Many people overcome seemingly insurmountable debt by adopting a realistic budget. This step-by-step guide gives you a road map to a brighter financial future.

1. Calculate Cash Flow

Before you can create a realistic plan for paying down debt, it's important to know exactly how much money is coming in and going out. Chances are you have more debt than income. Knowing exactly how much you are in the negative each month enables you to make necessary adjustments.

Add up your income. Besides your regular paycheck, add in other sources of money, such as interest income, dividends, landlord income and child and alimony support. Add in only recurring income sources. To get an accurate average monthly amount, add up all your income for the past year and divide by 12.

Track your spending. Record all expenditures for one month, including major and minor expenses. The $4 you spend three times a week for a bagel and cup of coffee may seem insignificant, but those purchases add up to $576 per year. Also make sure to include recurring intermittent expenses like insurance payments, gifts and periodic home and auto repairs.

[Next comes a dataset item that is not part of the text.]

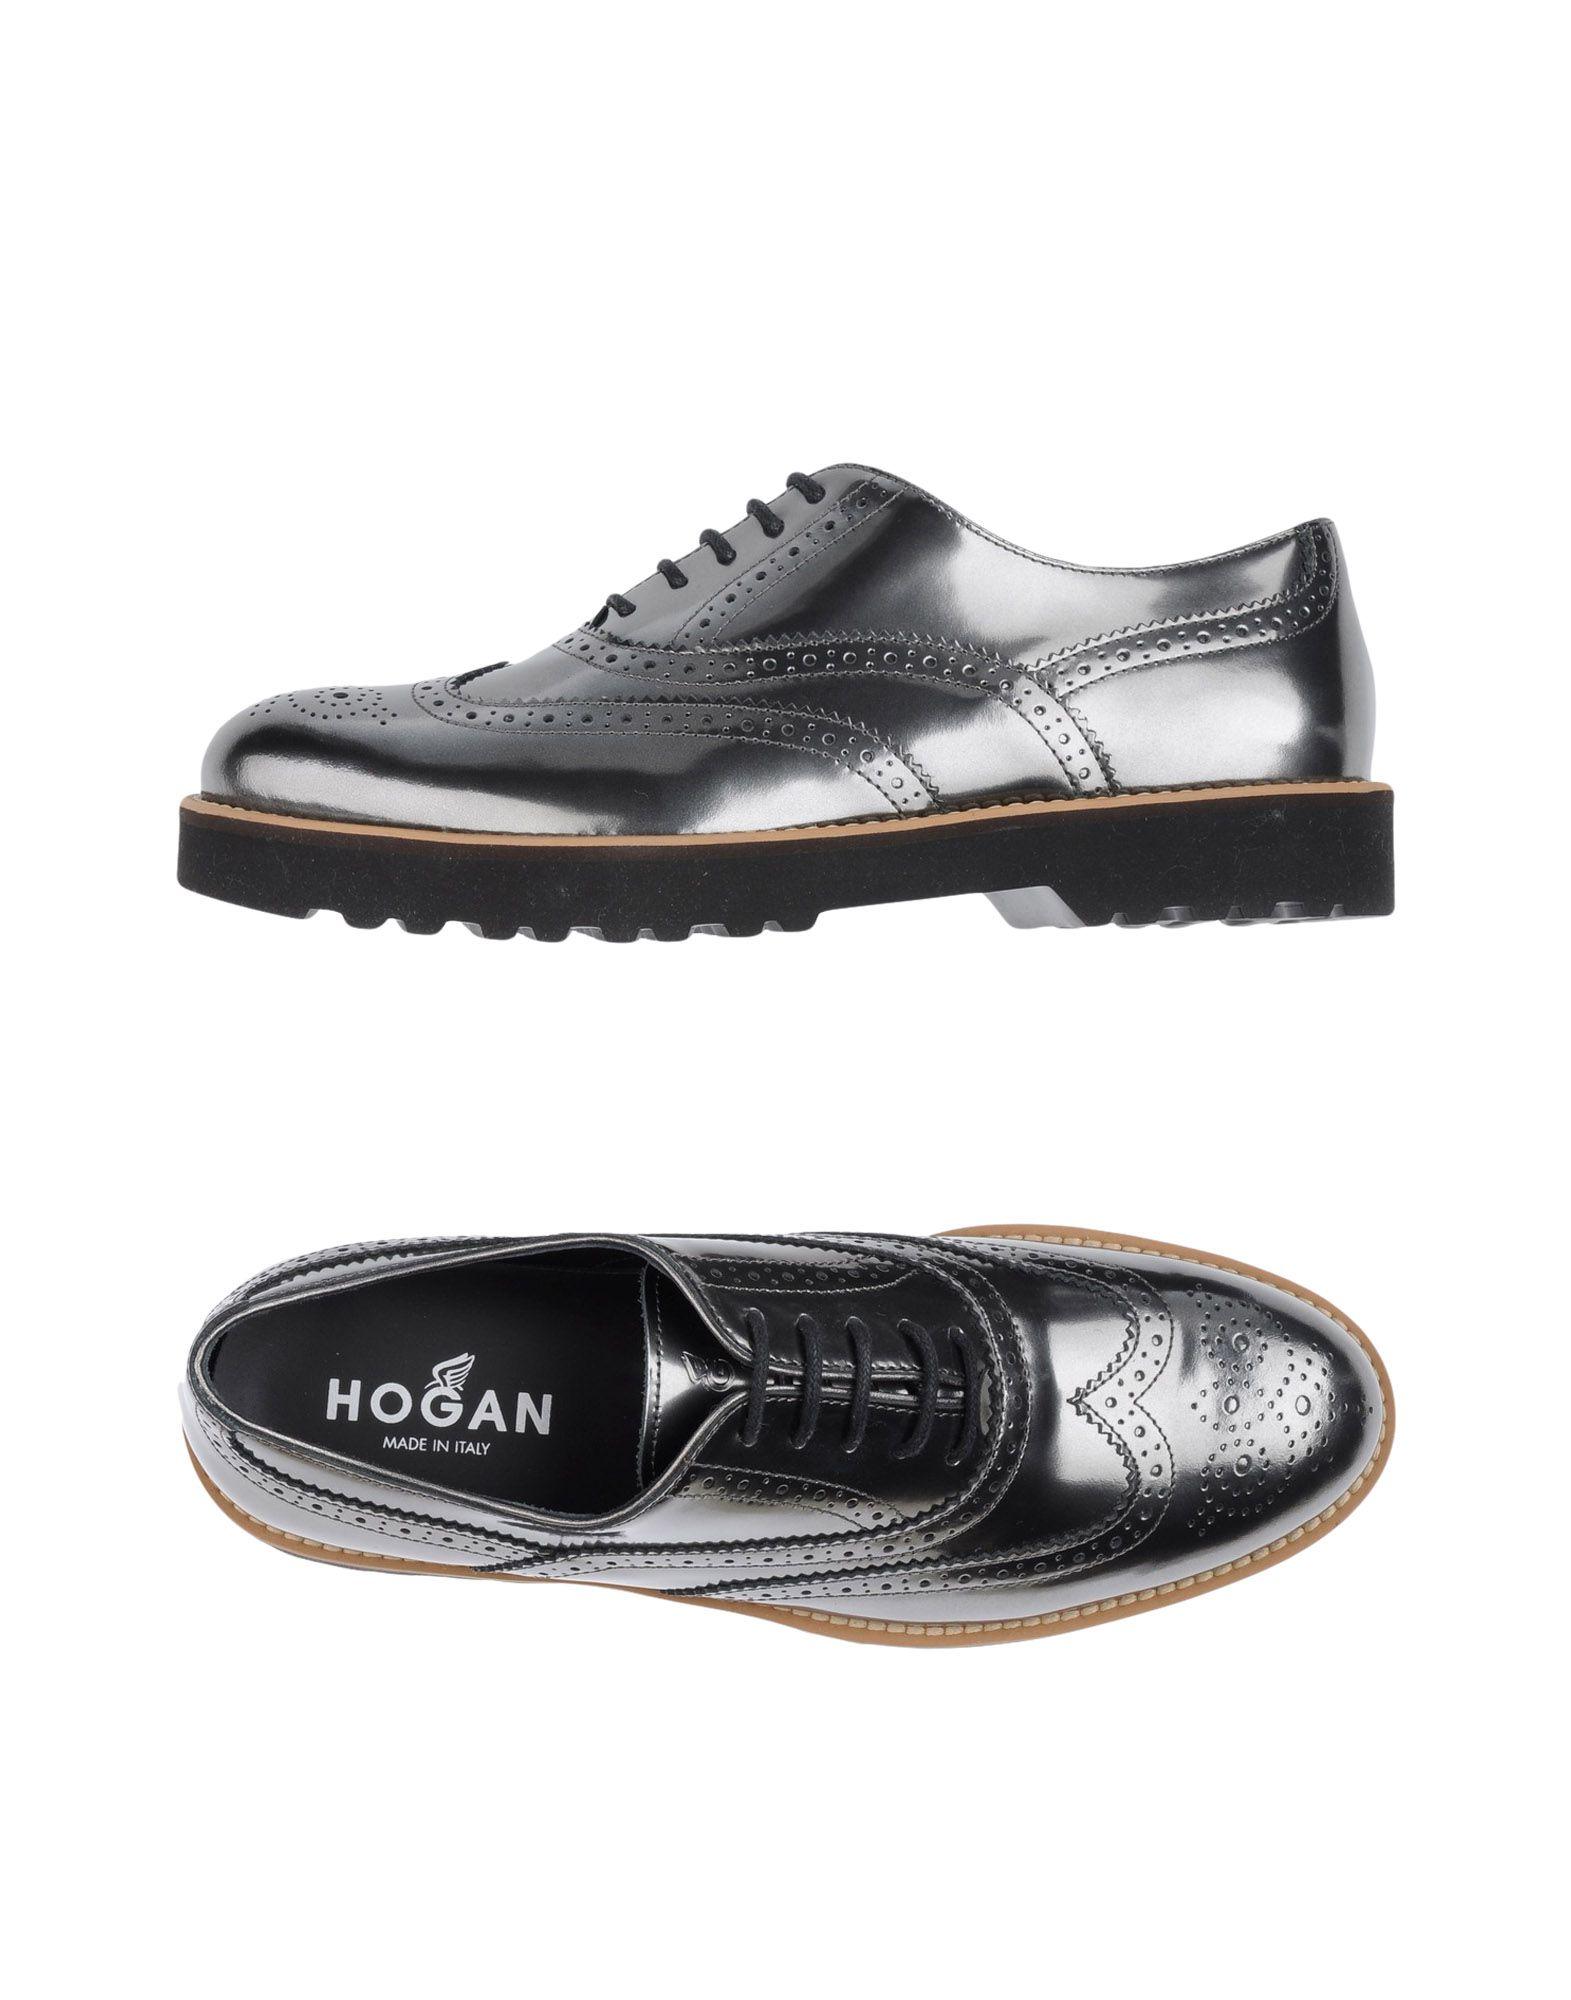 Schuhe Hogan Schnürschuhe Damen  11244515MB Heiße Schuhe  59224d

Subtract your monthly spending from your income. If the figure is negative, that's how much you are short. For instance, if you make $2,000 and spend $2,200, you have a $200 shortfall each month that could eat up your savings or lead to the use of credit cards or loans.

2. Slash Expenses

In order to stop adding to your debt load, you need to cut back or eliminate non-essential spending. Cutting back in the following areas can save you a significant amount of money each month.

Salon and spa visits. Rather than monthly visits, try going every two months.

Clothing. Chances are you have clothing in the back of your closet you haven't worn in a while. Rather than buying a new outfit, rotate your clothing.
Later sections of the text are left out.